Interrupts are disabled, and we do either cpu_idle_poll() if specified
or cpuidle_idle_call(). cpu_idle_poll() is the old-time idle loop,
with rcu_idle_enter()/_exit() and enabling interrupts prior to spinning.
No sign of stop_critical_timings(), though. So let's not bury
rcu_idle_enter() in stop_critical_timings().
cpuidle_idle_call() does a fastpath irq-enable/exit if need-resched,
then does stop_critical_timings() and rcu_idle_enter(). Then we
have the buried complexity with cpuidle_select(), but a negative
return says to check need-resched and enable interrupts or to
invoke arch_cpu_idle(), which executes various sleep instructions
on various architectures. Some notable variants:
o ARM has an arm_pm_idle() function pointer so that different
SoCs can have different idle-power-down sequences. Alternatively,
some SoCs have functions named CPUNAME_do_idle(), for example,
imx5_cpu_do_idle(). These seem to invoke processor.do_idle().
Pushing rcu_idle_enter() and rcu_idle_exit() down below
arch_cpu_idle() on ARM looks to be asking for it.
o ARM64 does cpu_do_idle, which does a wait-for-interrupt instruction.
o AVR calls into assembly, hand-coding the need-resched check.

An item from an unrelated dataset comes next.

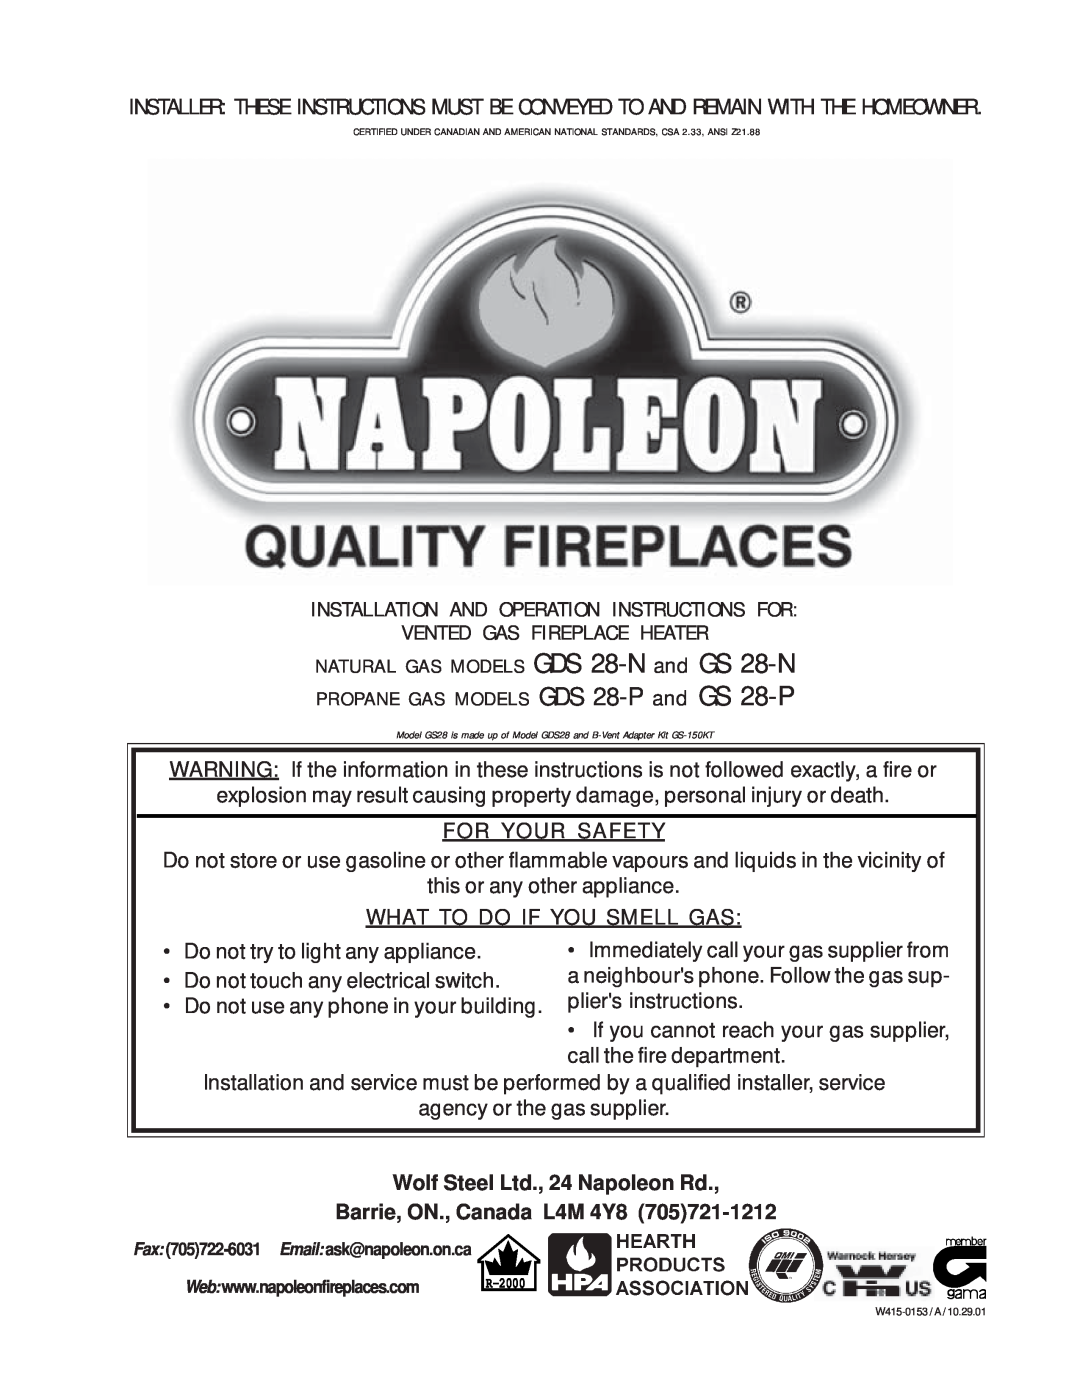 Napoleon Fireplaces GDS 28-N, GS 28-P manual For Your Safety, What To Do If You Smell Gas, Barrie, ON., Canada L4M 4Y8

Not sure why that would still be needed.
o CRIS has one function that just enables interrupts and returns,
and anohter that enables interrupts and halts.
o UM times the duration of the idle time based on what appears to
be the time until the next event.
o Unicore does a string of what appear to be no-ops.
o x86 does a couple of levels of indirection, one being the
x86_idle() function pointer and another being the safe_halt()
function pointer.
amd_e400_idle() is a bit ornate, but still does default_idle()
which wrappers the safe_halt() pointer.
And various other architectures seem to work similarly, but lots of
hair here. So Steven, you OK with the underlying arch_cpu_idle()
functions being off-limits to tracing?
Now, if cpuidle_select() returns non-negative, we are dealing with
the CPU-idle governor, which is invoked at the later cpuidle_enter().
Hmmm... On the CPU-idle drivers...
o apm_idle_driver puts the idle loop into the ->enter() function,
apm_cpu_idle().
o ACPI puts the idle loop in acpi_idle_do_entry(), and does call
stop_critical_timings(), but not rcu_idle_enter().
So presumably stop_critical_timings() can nest? Not clear
from the code.
o The CPS driver is even stranger... Is cps_gen_entry_code()
really depositing assembly instructions into a buffer that is
passed back as a function?
o The intel_idle driver is the one with mwait_idle_with_hints(),
so you covered it below.
Your patch covers the cpuidle_enter() transition, which means
that functions like cpuidle_enter(), acpi_idle_enter_c1(), and
acpi_idle_do_entry() would be off-limits to trampolining. In the case
of CPS, quite a bit of code.
> We should push the rcu_idle_{enter,exit}() down to around
> mwait_idle_with_hints(), so we don't call half the word with RCU
> disabled.
That would be for the intel_idle.c CPU-idle driver. The other drivers
also need rcu_idle_{enter,exit}().
> > I have already said that I will be happy to rip out the wakeup code
> > when it is no longer needed, and I agree that it would be way better if
> > not needed.
>
> I'd prefer to dtrt now and not needing to fix it later.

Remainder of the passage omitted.